§ EXERCISE GOAL: From the entries below, write out exactly the lines between the line holding "Bálsamo After-Shave Cade - 30 ml L' OCCITANE" and the line holding "Android မှာ PC လို Kali တင်မယ် ( root ရှိရှိ", inclusive, excluding any pictures.

§ GIVEN INFORMATION:
--------------------------------

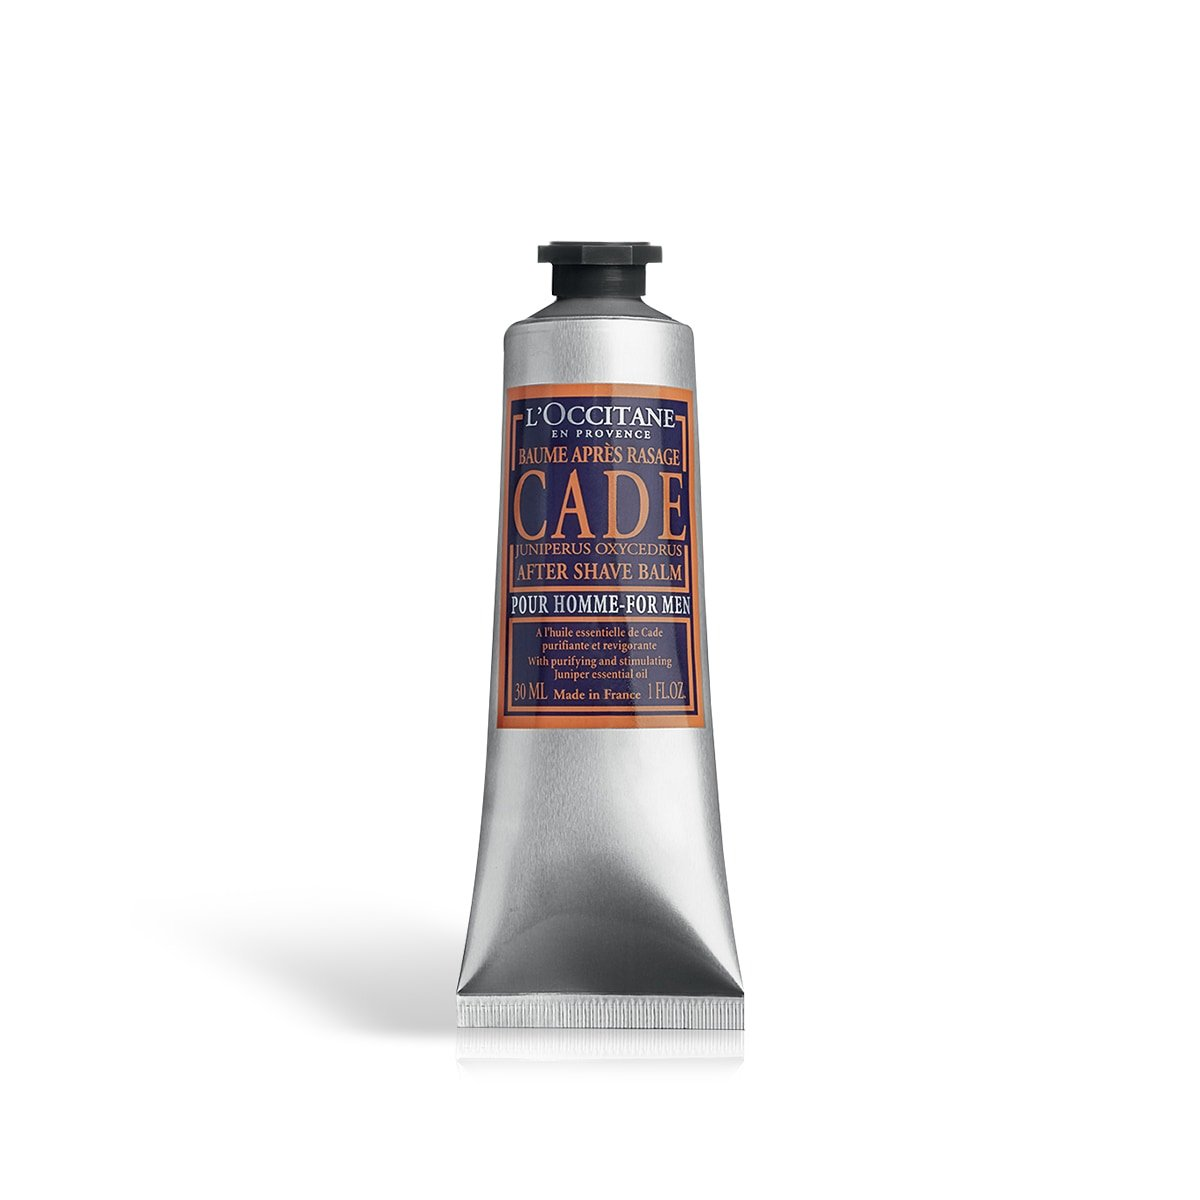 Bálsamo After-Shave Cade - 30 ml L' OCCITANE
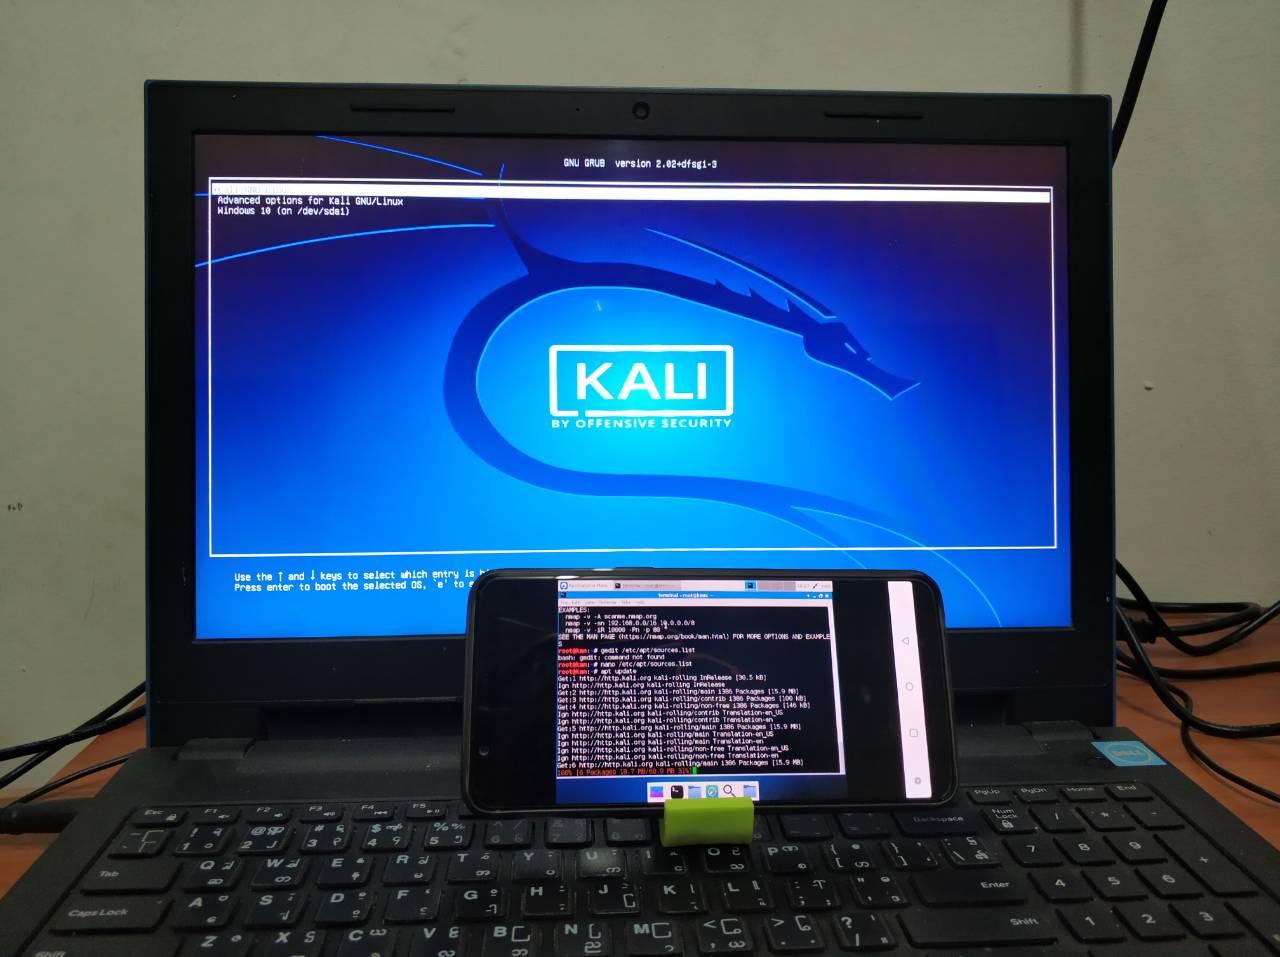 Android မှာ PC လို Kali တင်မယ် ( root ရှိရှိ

--------------------------------

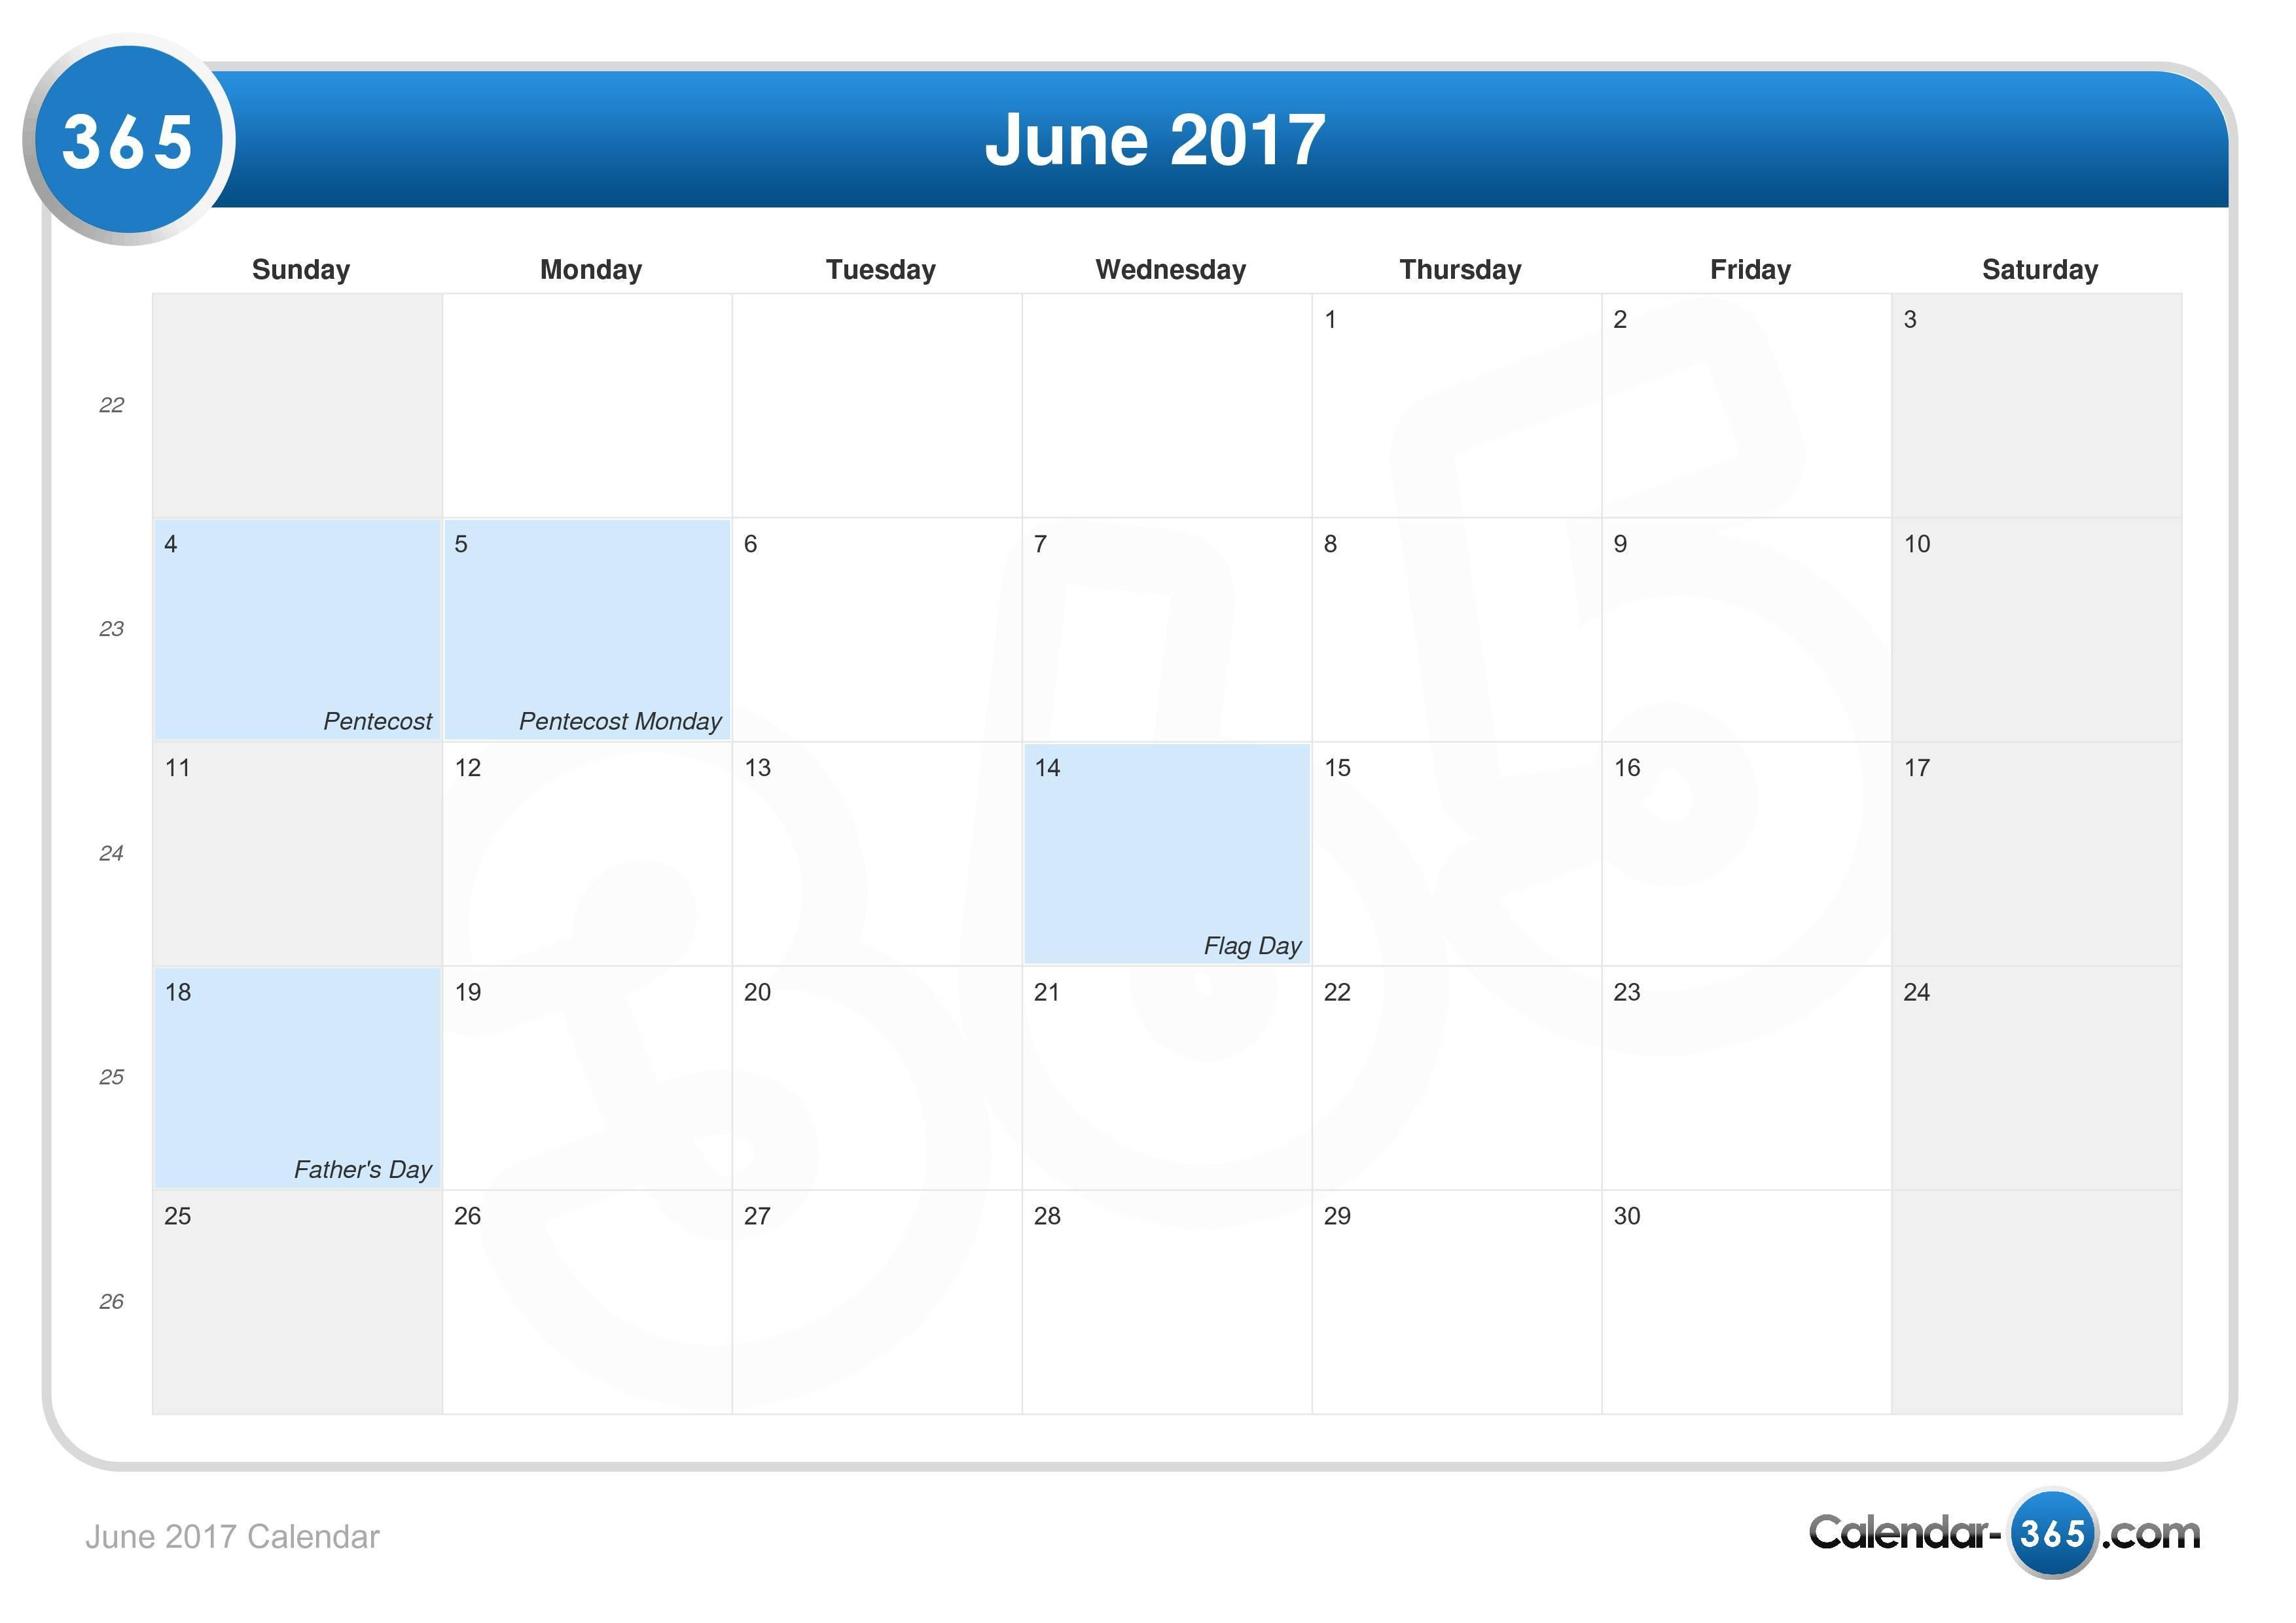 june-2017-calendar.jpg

--------------------------------

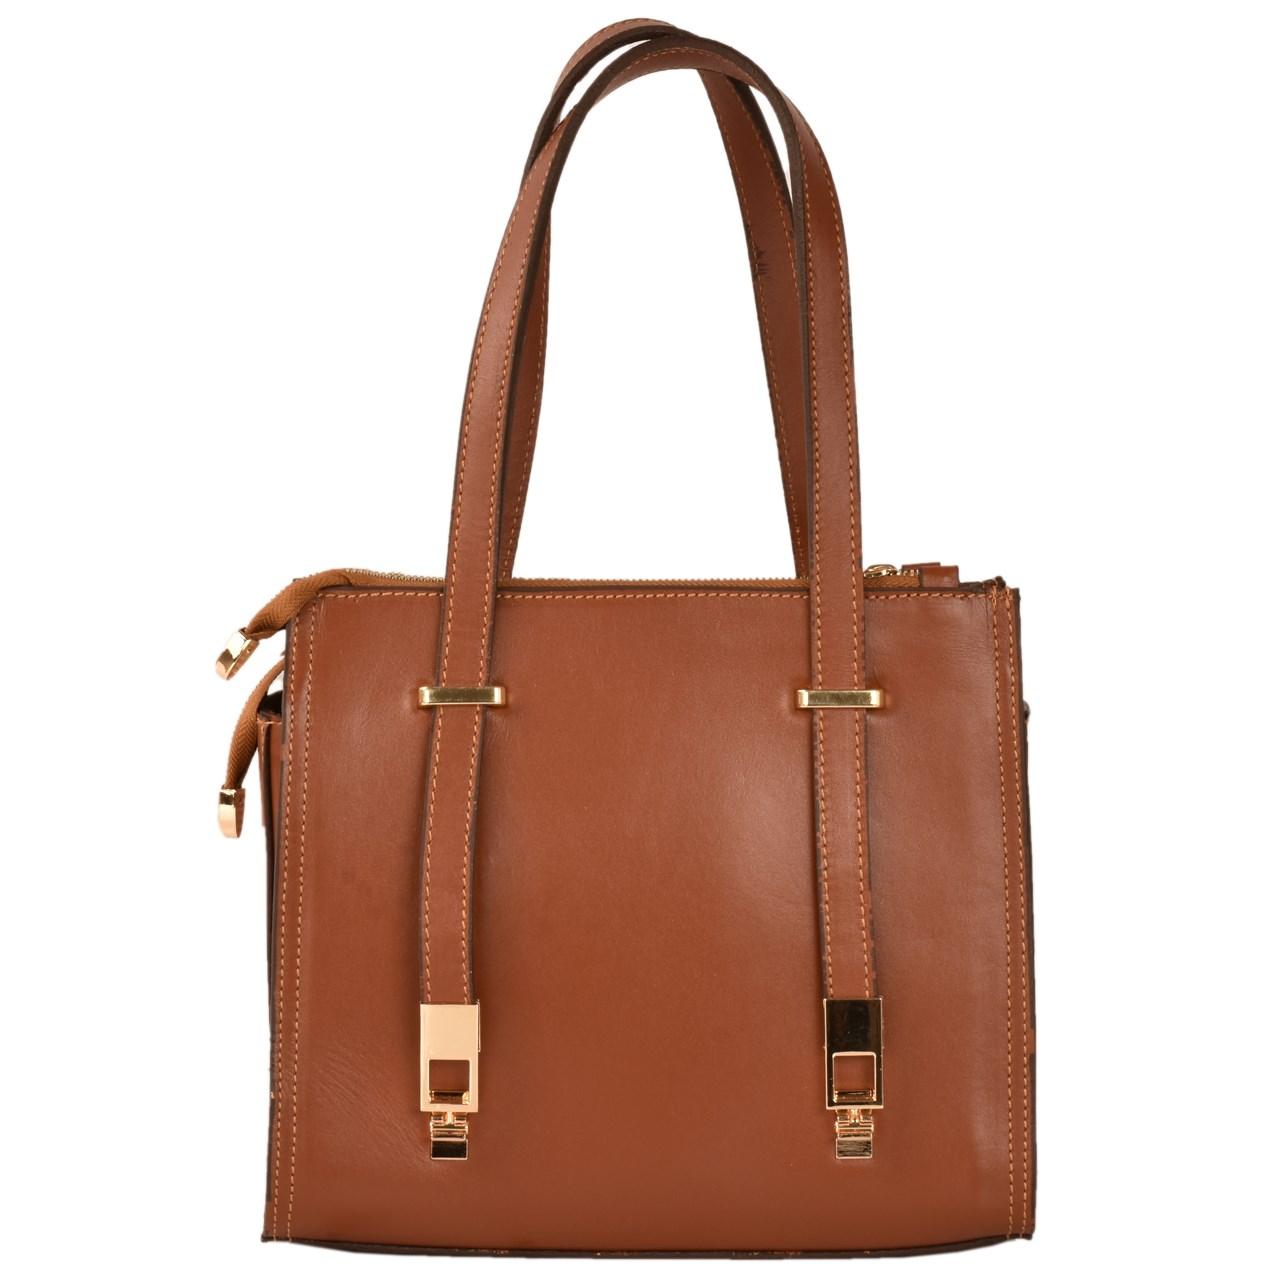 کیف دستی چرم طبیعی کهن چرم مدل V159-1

--------------------------------

§ OUTPUT FOR THIS EXERCISE:
 Bálsamo After-Shave Cade - 30 ml L' OCCITANE
 Android မှာ PC လို Kali တင်မယ် ( root ရှိရှိ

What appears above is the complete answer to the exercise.